## What is needed
Repeat every line of the listing below exactly, minus the pictures.

## Data excerpt
○ ○ ○ ○ ○

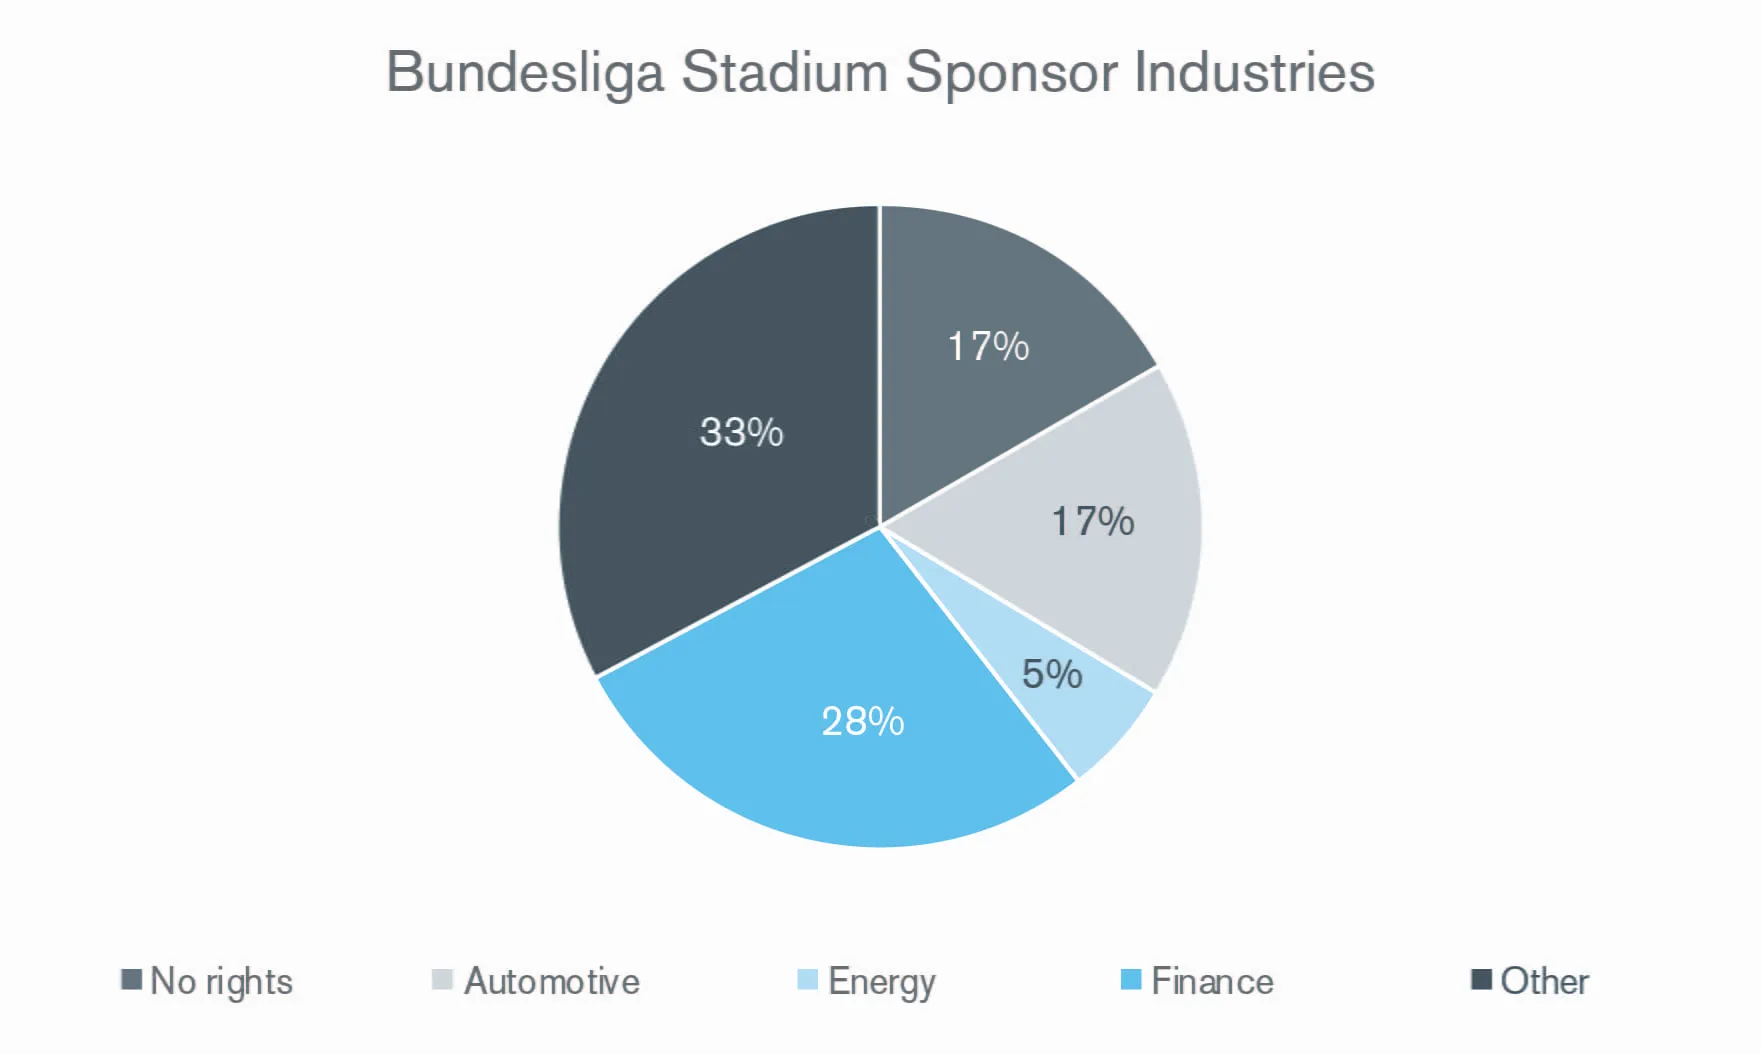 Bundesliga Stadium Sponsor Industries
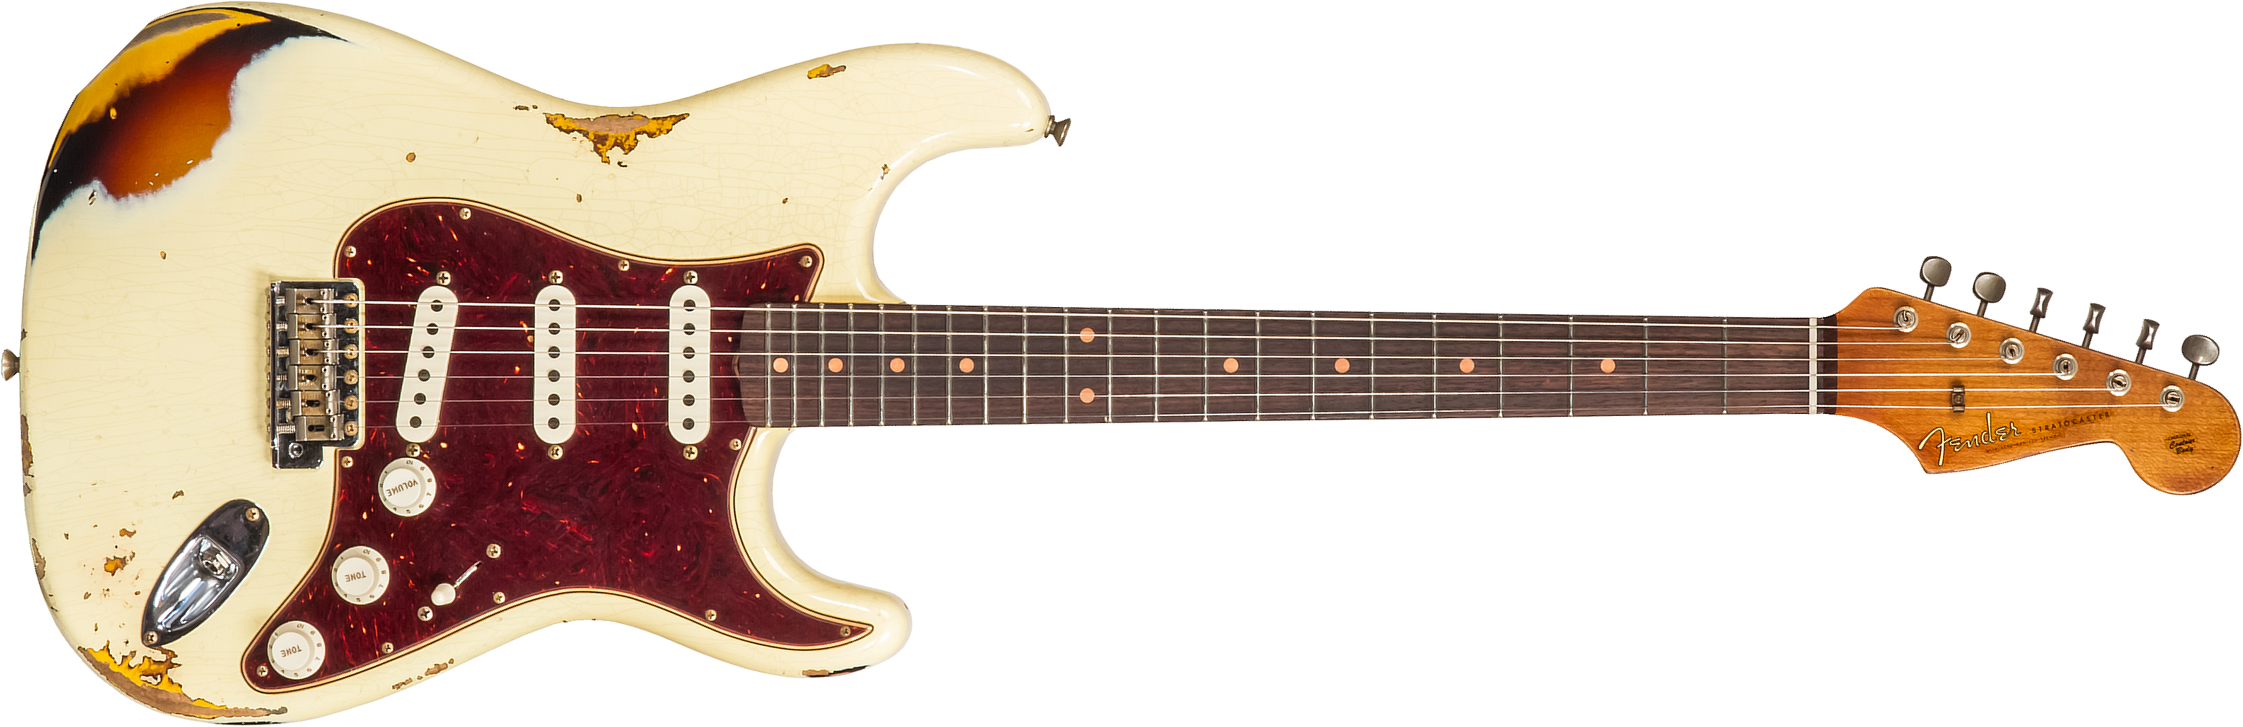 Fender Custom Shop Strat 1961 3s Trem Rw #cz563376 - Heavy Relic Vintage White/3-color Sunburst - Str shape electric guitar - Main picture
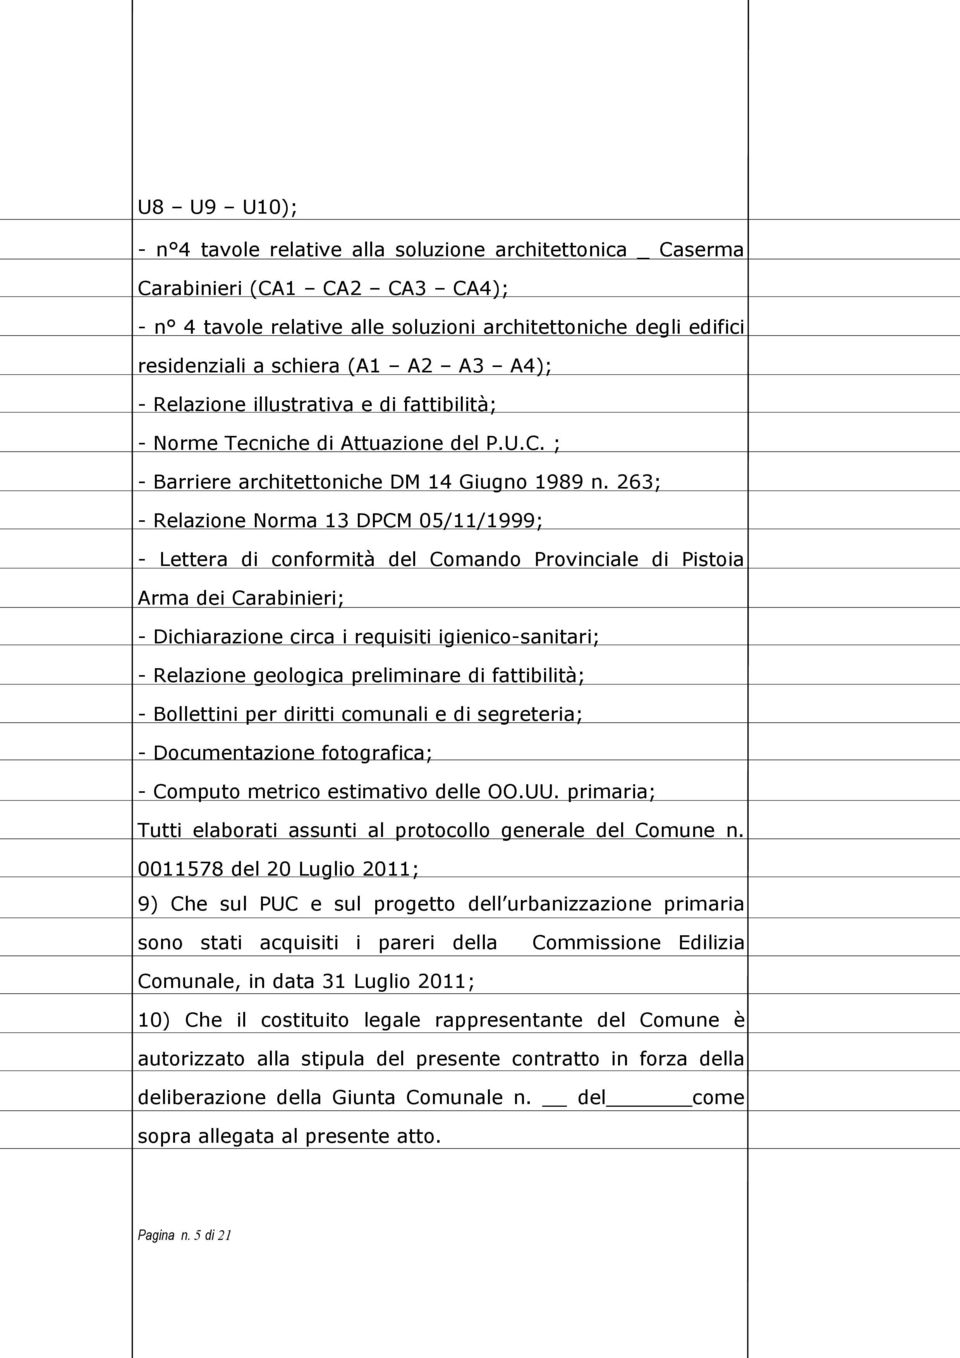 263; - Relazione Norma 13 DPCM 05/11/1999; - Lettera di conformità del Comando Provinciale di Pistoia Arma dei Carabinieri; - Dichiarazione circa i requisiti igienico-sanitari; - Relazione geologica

○ ○ ○ ○ ○

## Result below
 Bundesliga Stadium Sponsor Industries
 Fender Custom Shop Strat 1961 3s Trem Rw #cz563376 - Heavy Relic Vintage White/3-color Sunburst - Str shape electric guitar - Main picture
 263; - Relazione Norma 13 DPCM 05/11/1999; - Lettera di conformità del Comando Provinciale di Pistoia Arma dei Carabinieri; - Dichiarazione circa i requisiti igienico-sanitari; - Relazione geologica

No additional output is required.